• [WHAT YOU WILL DO] Word for word, print out all of the data, omitting every image.

──────── PROVIDED DATA ────────

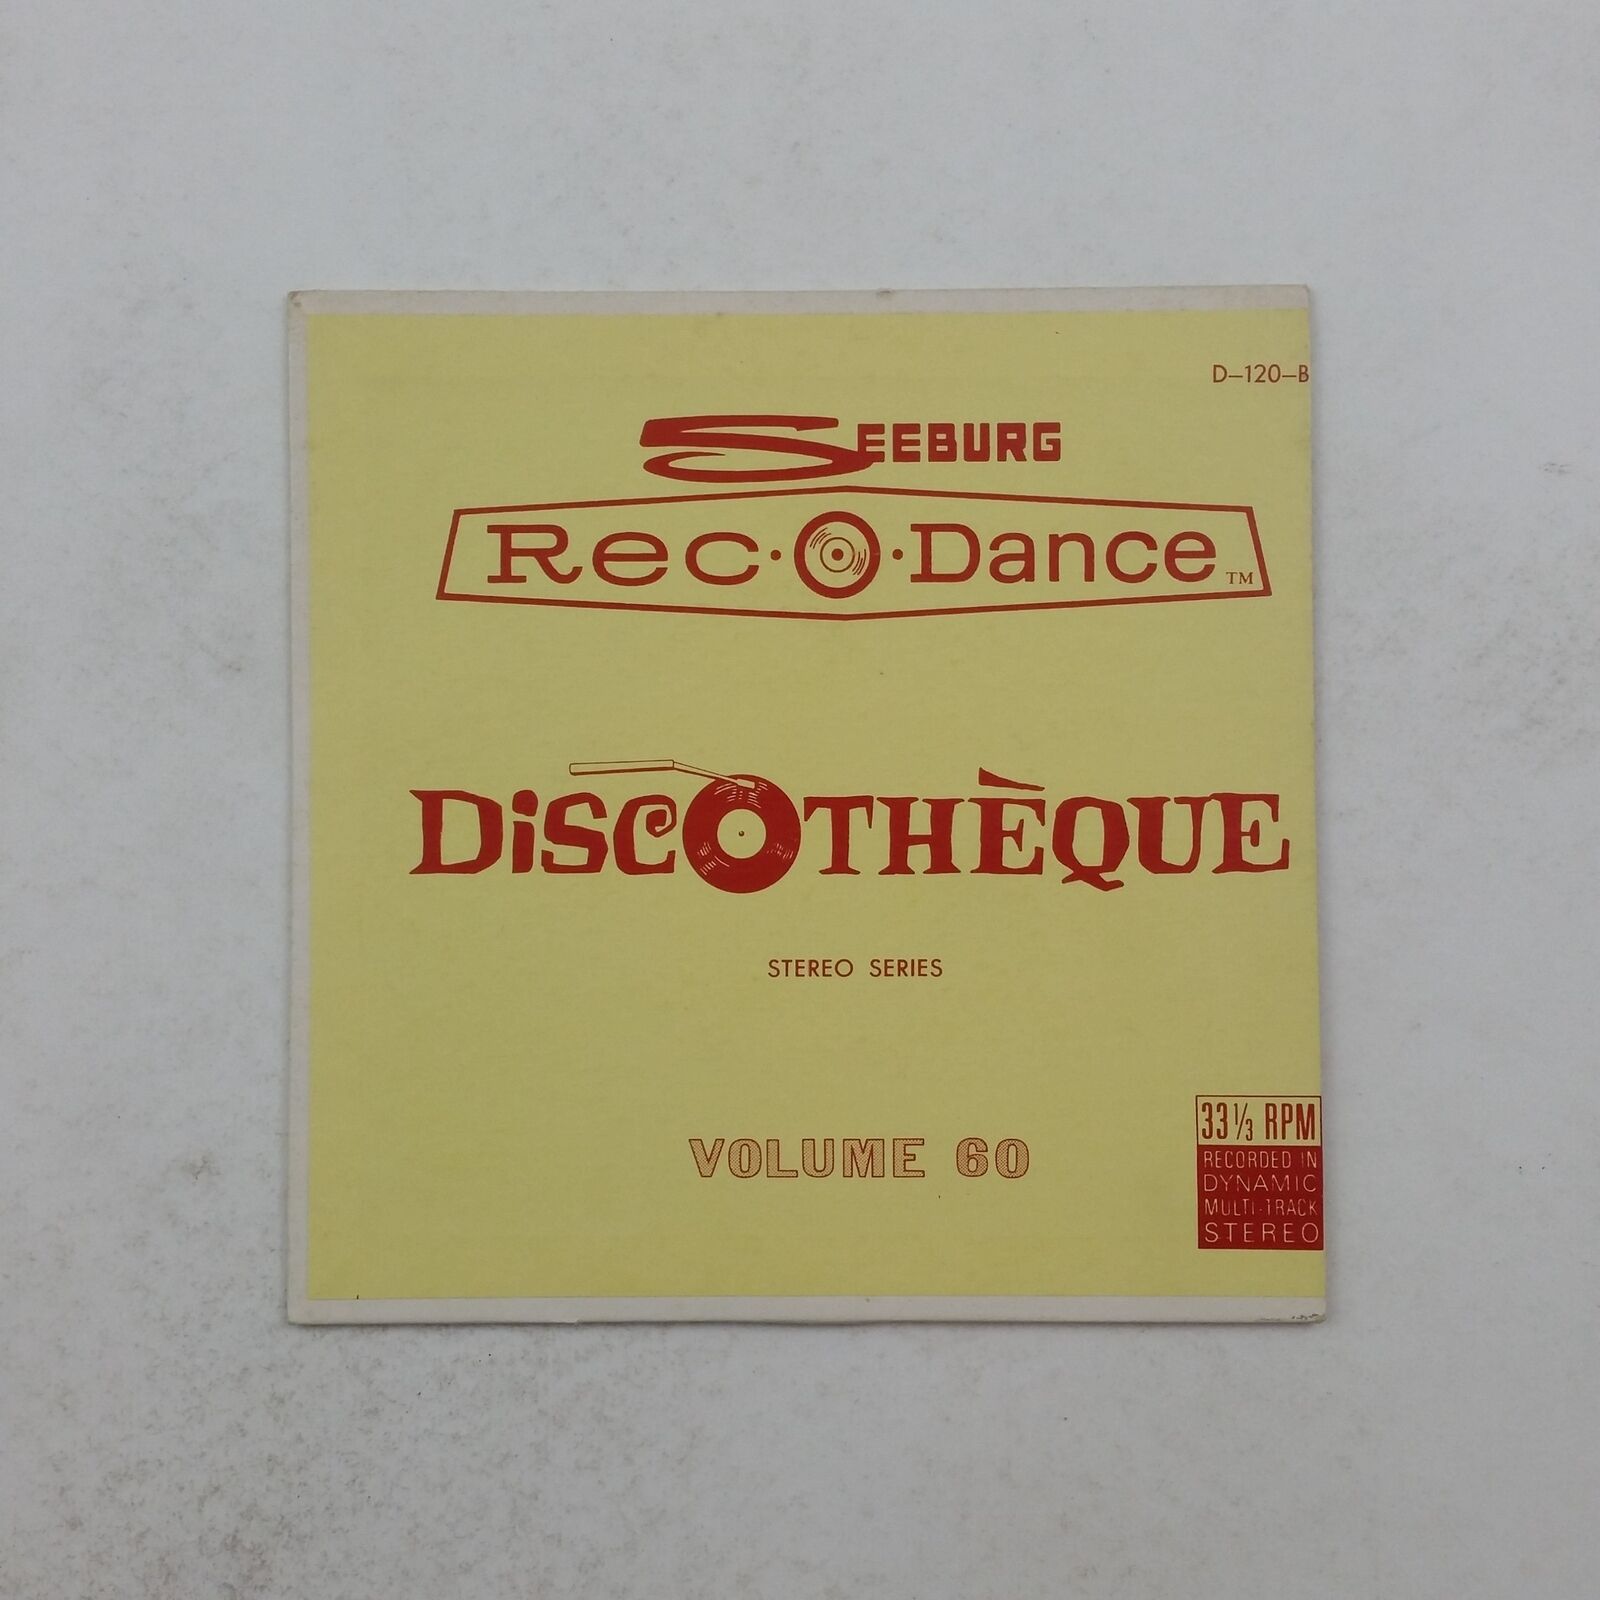 SEEBURG REC O DANCE Vol 60 D120 7\
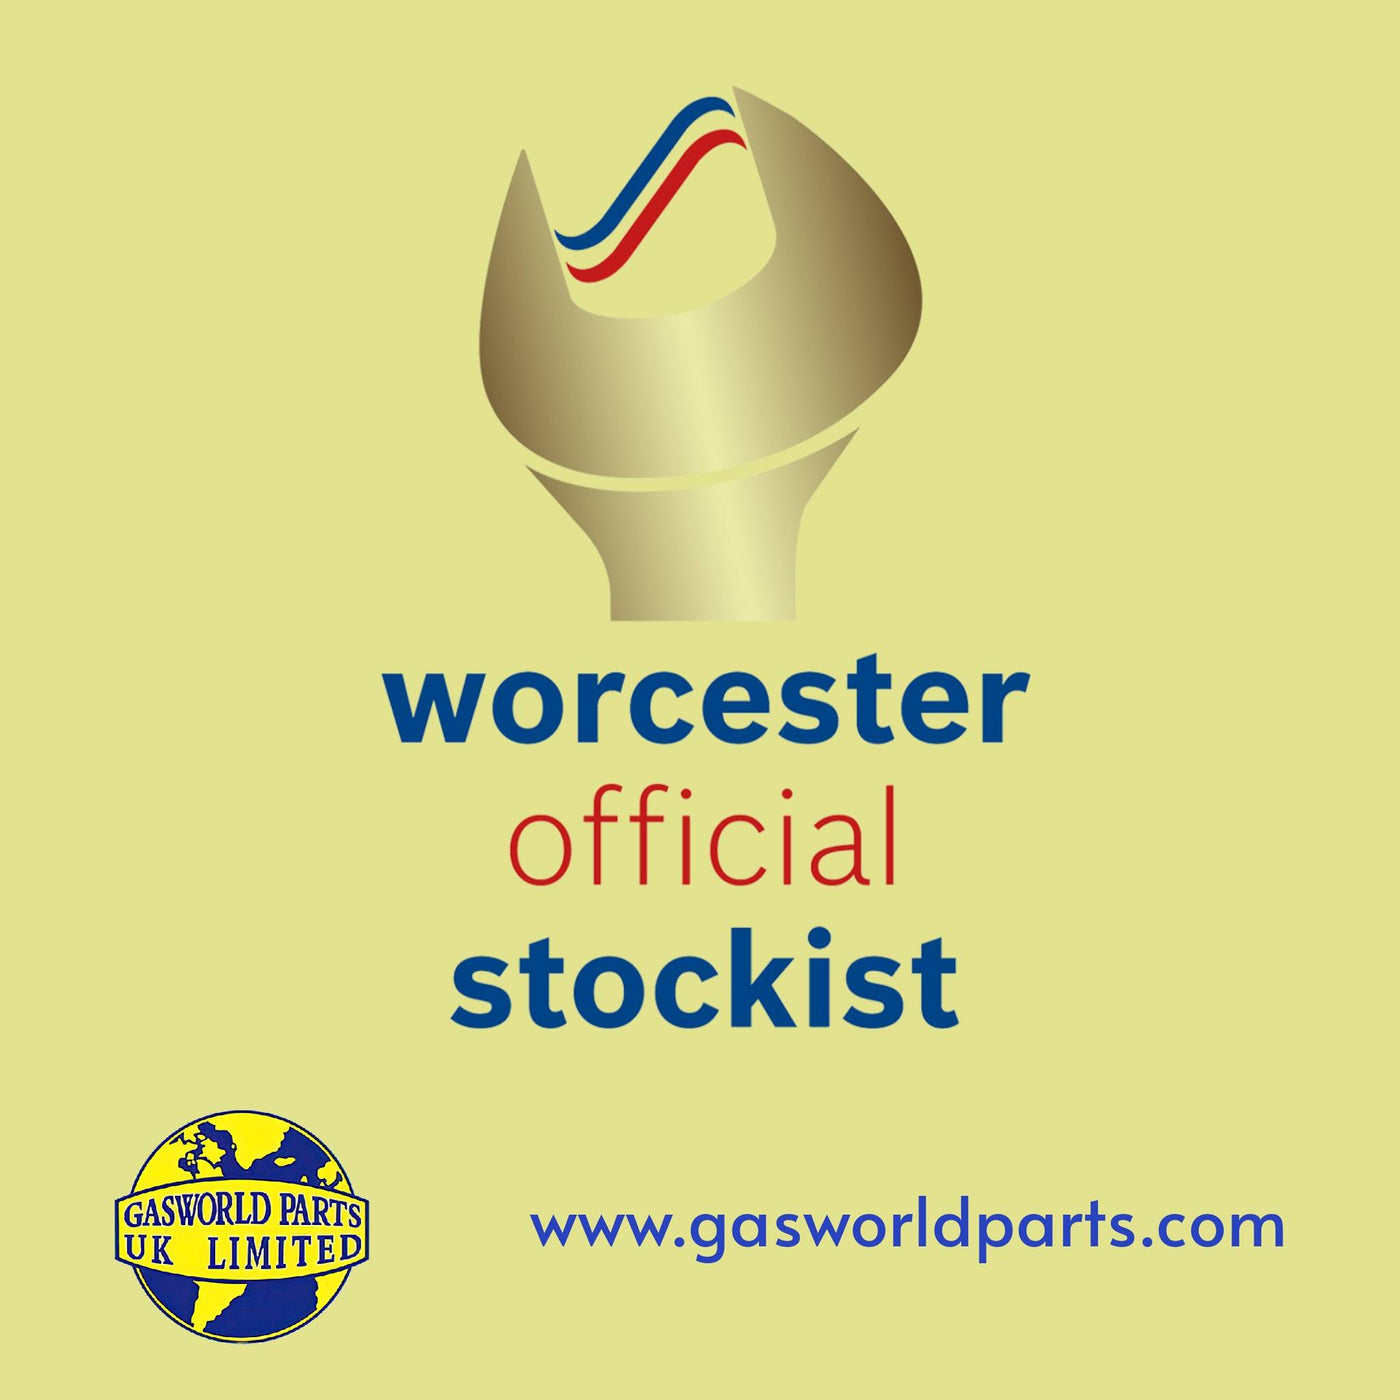 Worcester Bosch Gold Stockist
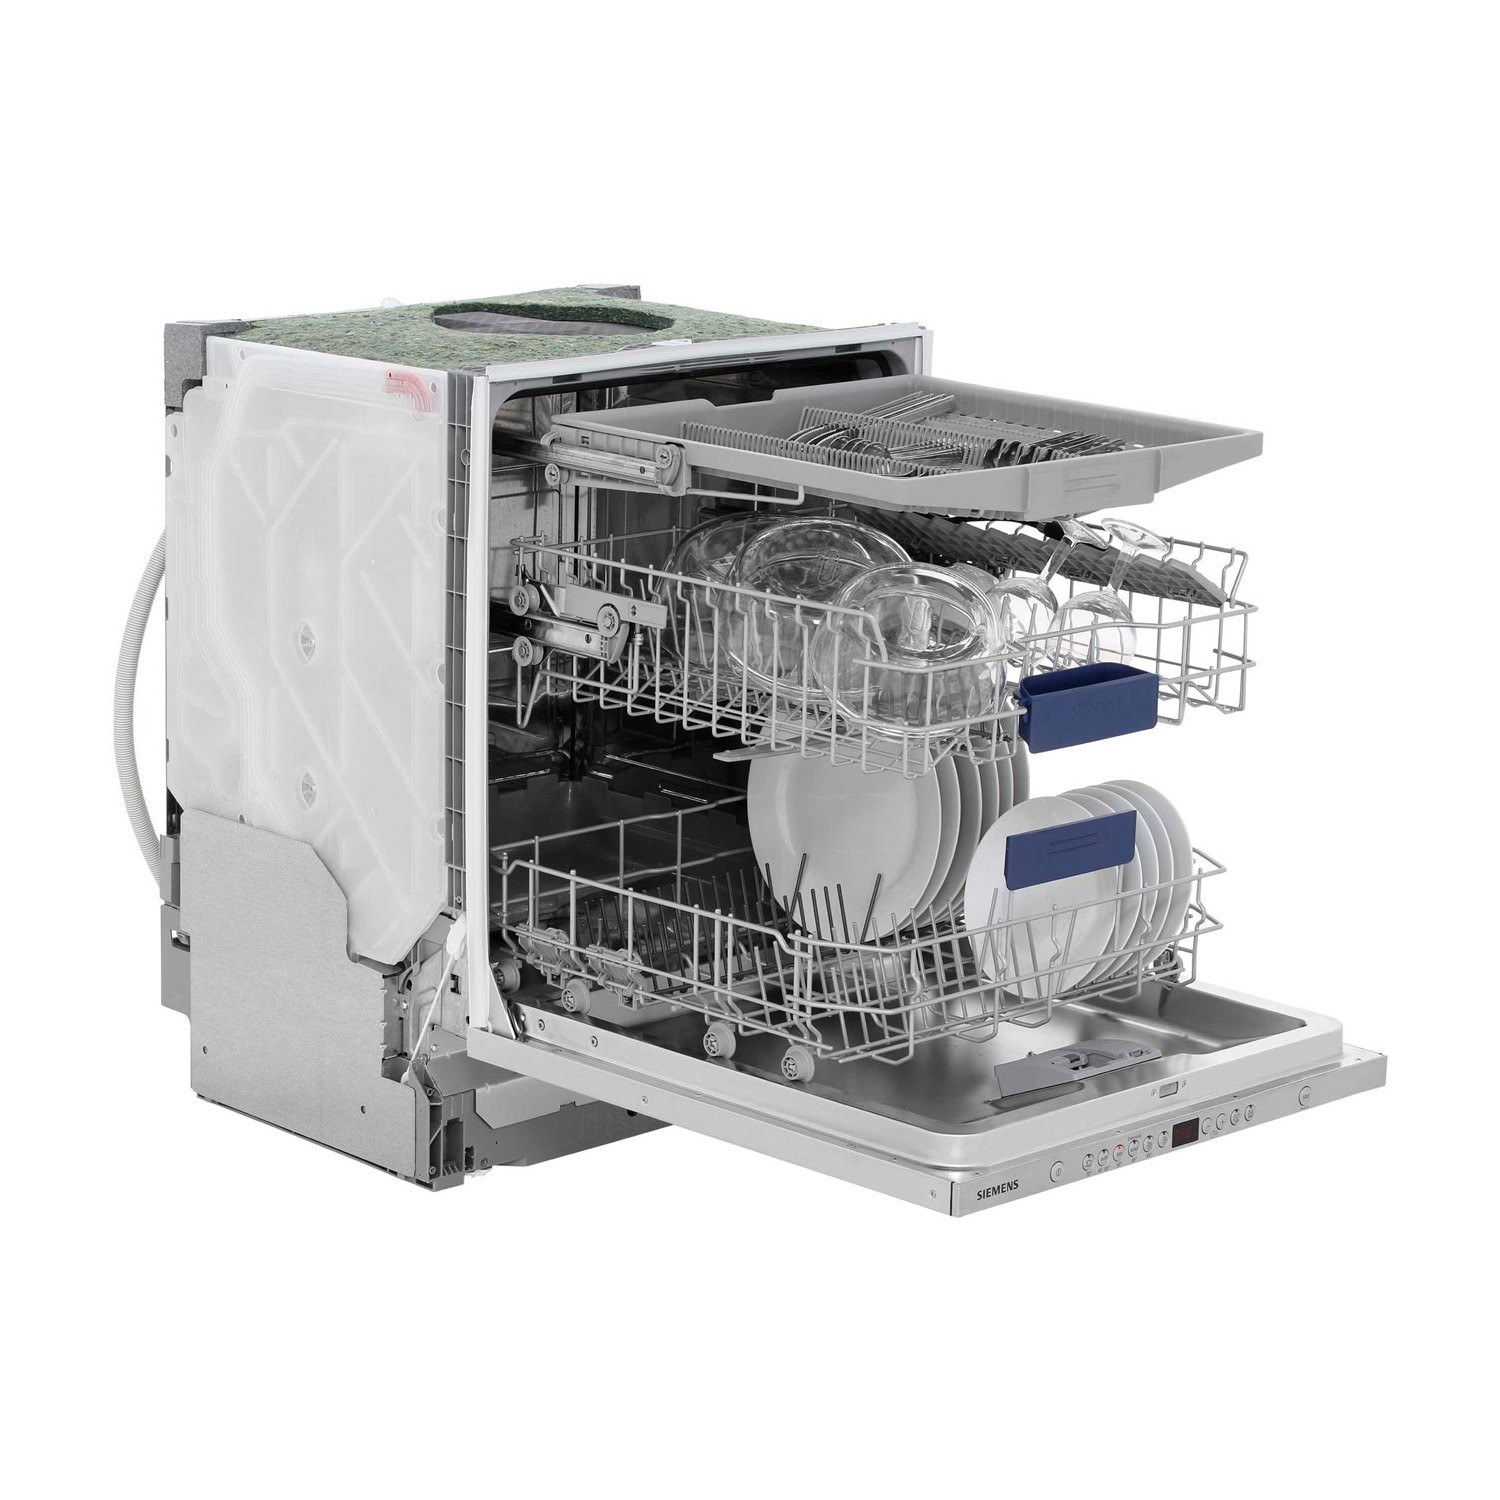 siemens dishwasher integrated

────────

• [RESPONSE]
 SEEBURG REC O DANCE Vol 60 D120 7\
 Worcester Bosch Gold Stockist
 siemens dishwasher integrated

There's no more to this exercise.